← Back to context

Comment by hans_castorp

2 years ago

> How long would it take you to write the SQL for that?

    select distinct on (album_id) *
    from tracks
    order by album_id, milliseconds desc;

Eh, `DISTICT ON` is a custom PostgreSQL extension.

A standard* method would be:

    SELECT *
    FROM tracks
    QUALIFY row_number() over (partition by album_id order by milliseconds desc) = 1;

But the QUALIFY clause is so new that it doesn't work on most RDBMSs. If you're on MS SQL Server, you're still using:

    SELECT *
    FROM (
      SELECT *
        ,row_number() over (partition by album_id order by milliseconds desc) rn
      FROM tracks
      ) x
    WHERE x.rn = 1;

That said, I still don't think PRQL is particularly amazing. I can't tell if it's merely syntactic sugar for SQL, or if it's actually meant to control query execution. If it's the former, it's likely to frustrate developers because it's actually just another layer of abstraction. If it's the latter, then it requires the developer to not only understand the data model well enough to be able to write SQL queries, they need to be able to understand the RDBMS impementation details well enough to be able to write queries that best take advantage of the current database's indexes, statistics, and configuration. Even something as simple as sorting before filtering or projecting can be a significant performance issue. Nevermind the fact that relational algebra done in the wrong order can be non-deterministic or not equivalent transformations, so even if the query processor is smart enough to do rewrites whatever the developer enters might be logically different unintentionally.

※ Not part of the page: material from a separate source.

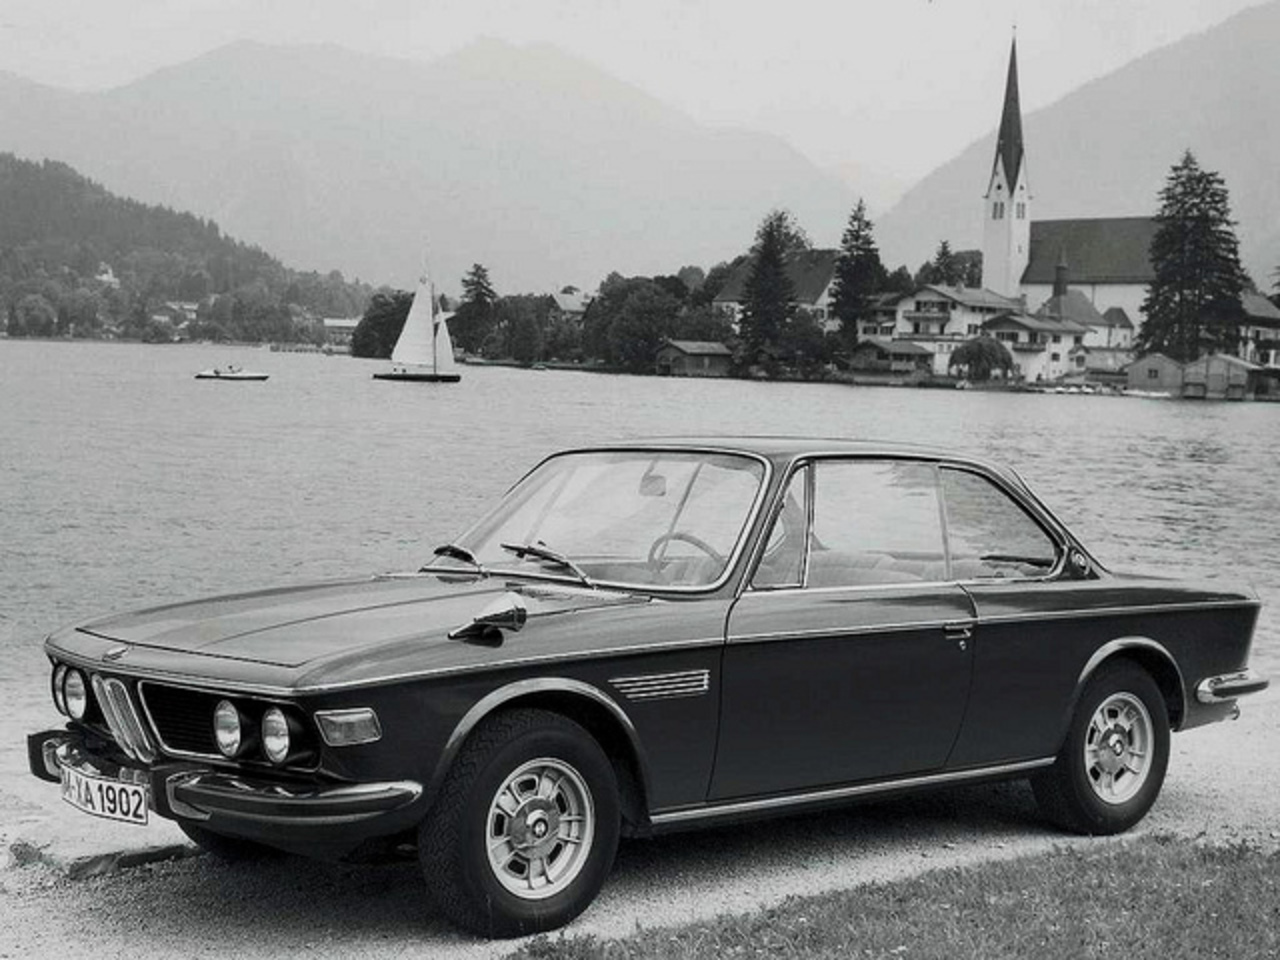 BMW 2800 CS (E9) | Flickr - Photo Sharing!

Ultimately I think it's a tool that lets the developer thinking about the problem in the way they prefer, rather than thinking about the problem in the way that best suits the problem at hand. Like insisting on writing documentation in LaTeX instead of Word or Markdown.

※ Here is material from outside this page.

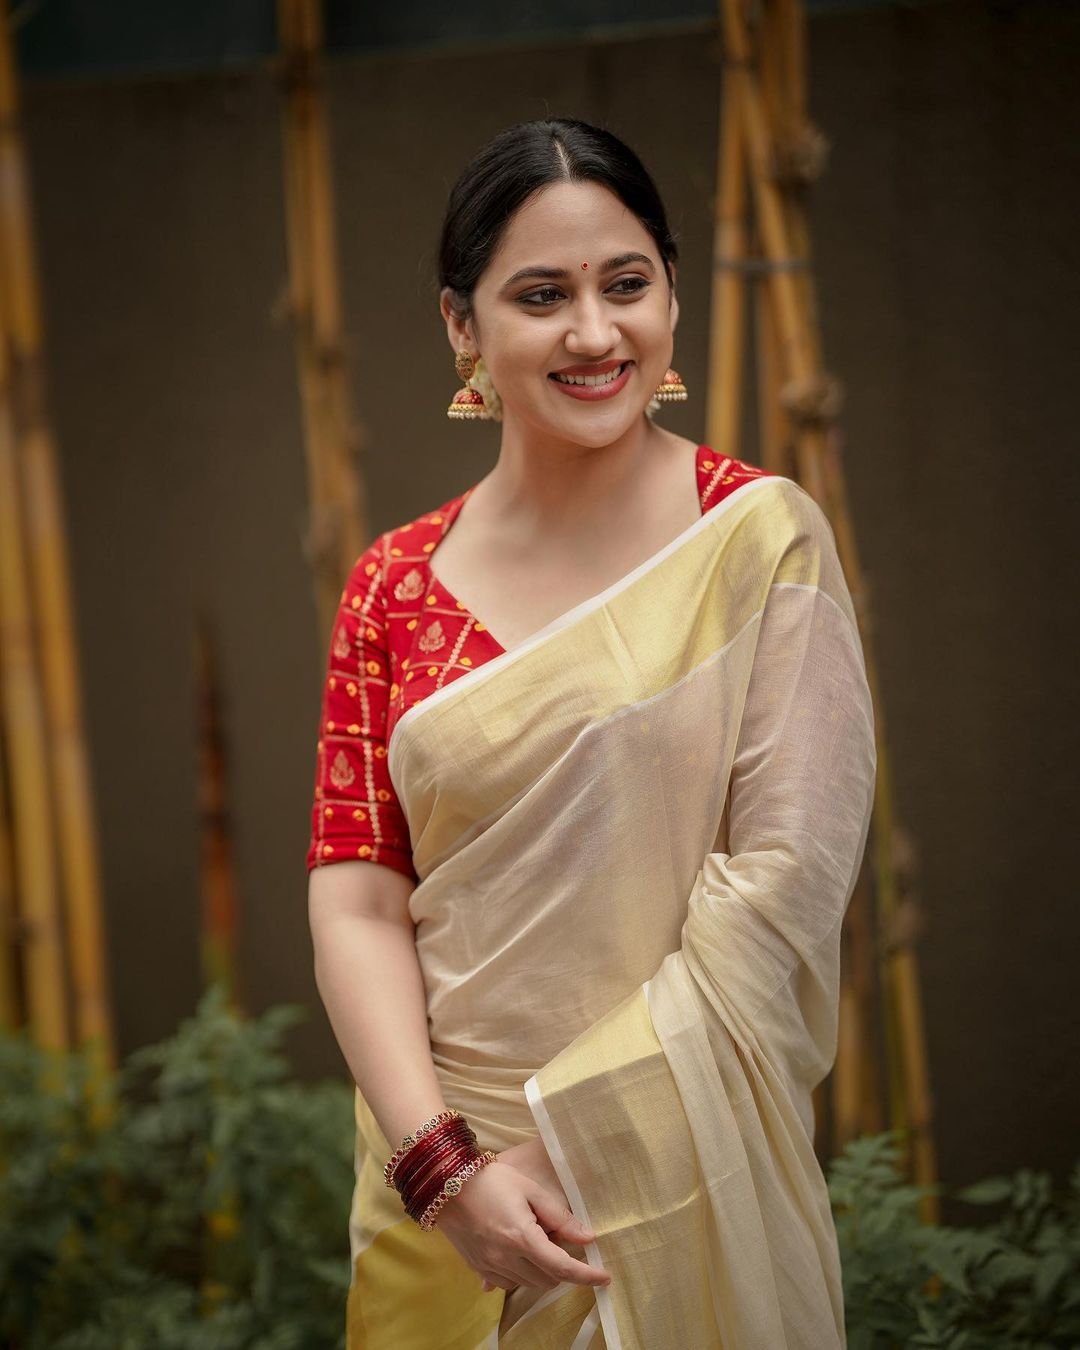 malayalam actress miya george images in yellow saree red blouse

*: I believed this was in SQL 2023, but double checking it looks like it did not have make the final standard. I would be surprised if it didn't make it in the future, however.

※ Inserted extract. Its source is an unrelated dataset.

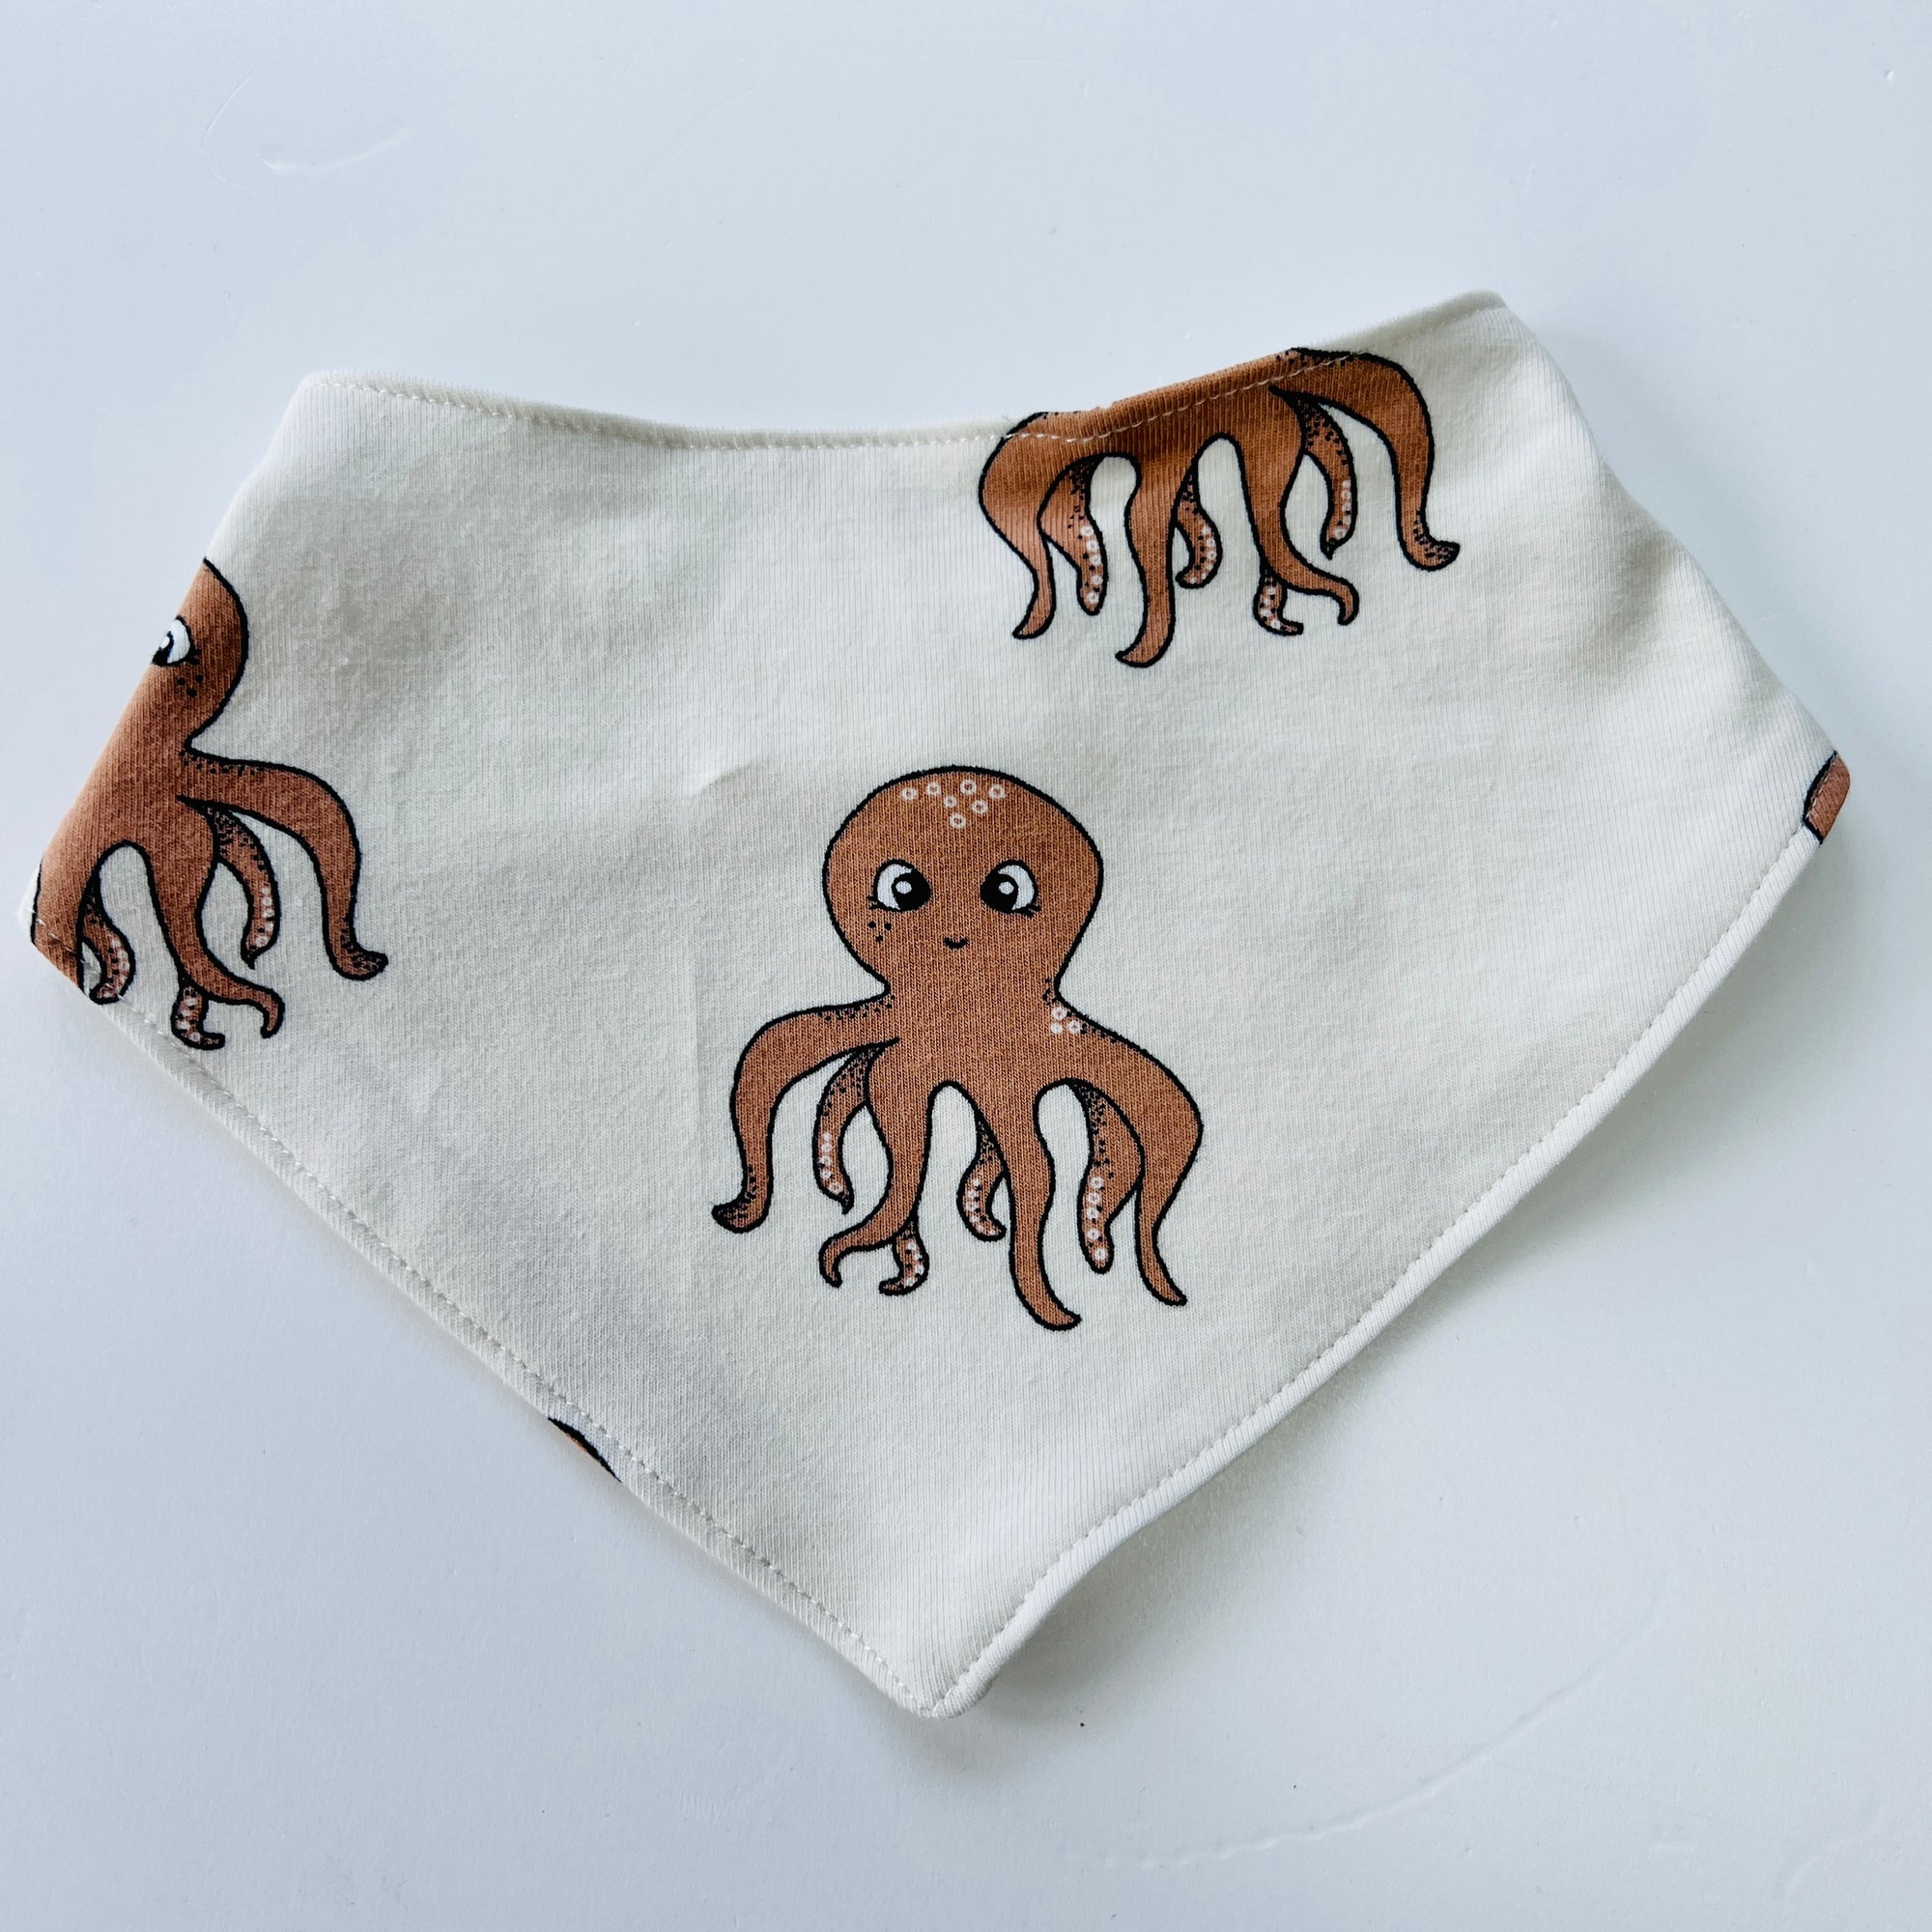 Eddie & Bee organic cotton Baby Dribble bib  in oat "Octopus" print.

  • The PRQL extension discussed here is for Postgres, so my solution was Postgres specific.

    Since when is QUALIFY part of the SQL standard? So far I have only seen it as a proprietary feature in Terradata.

  • Damn. Reading your comment, i was about to be really glad that this pain would be a thing of the past before too long. Too bad it didn't make the standard :(

    • Well, even when it's part of the standard it will take about 6 years before your vendor chooses to implment it.

      And even then, it'll be another 6 years before your application vendor finally upgrades to it.

      And even then, it'll be another 6 years before the database feature is allowed to be enabled.

      And even then, your reporting software won't support it.

      1 reply →

With the additional benefit that resources about SQL are everywhere and every question has been answered already multiple times. On top of that you are most likely to encounter SQL at a job than PRQL.

You'd also need a LIMIT or a TOP, and you might need a subquery for that depending on your SQL of choice.

  • The question was "the longest track per album", so I'd expect one row per album as the result (which is what my query does). But adding a LIMIT would not do that.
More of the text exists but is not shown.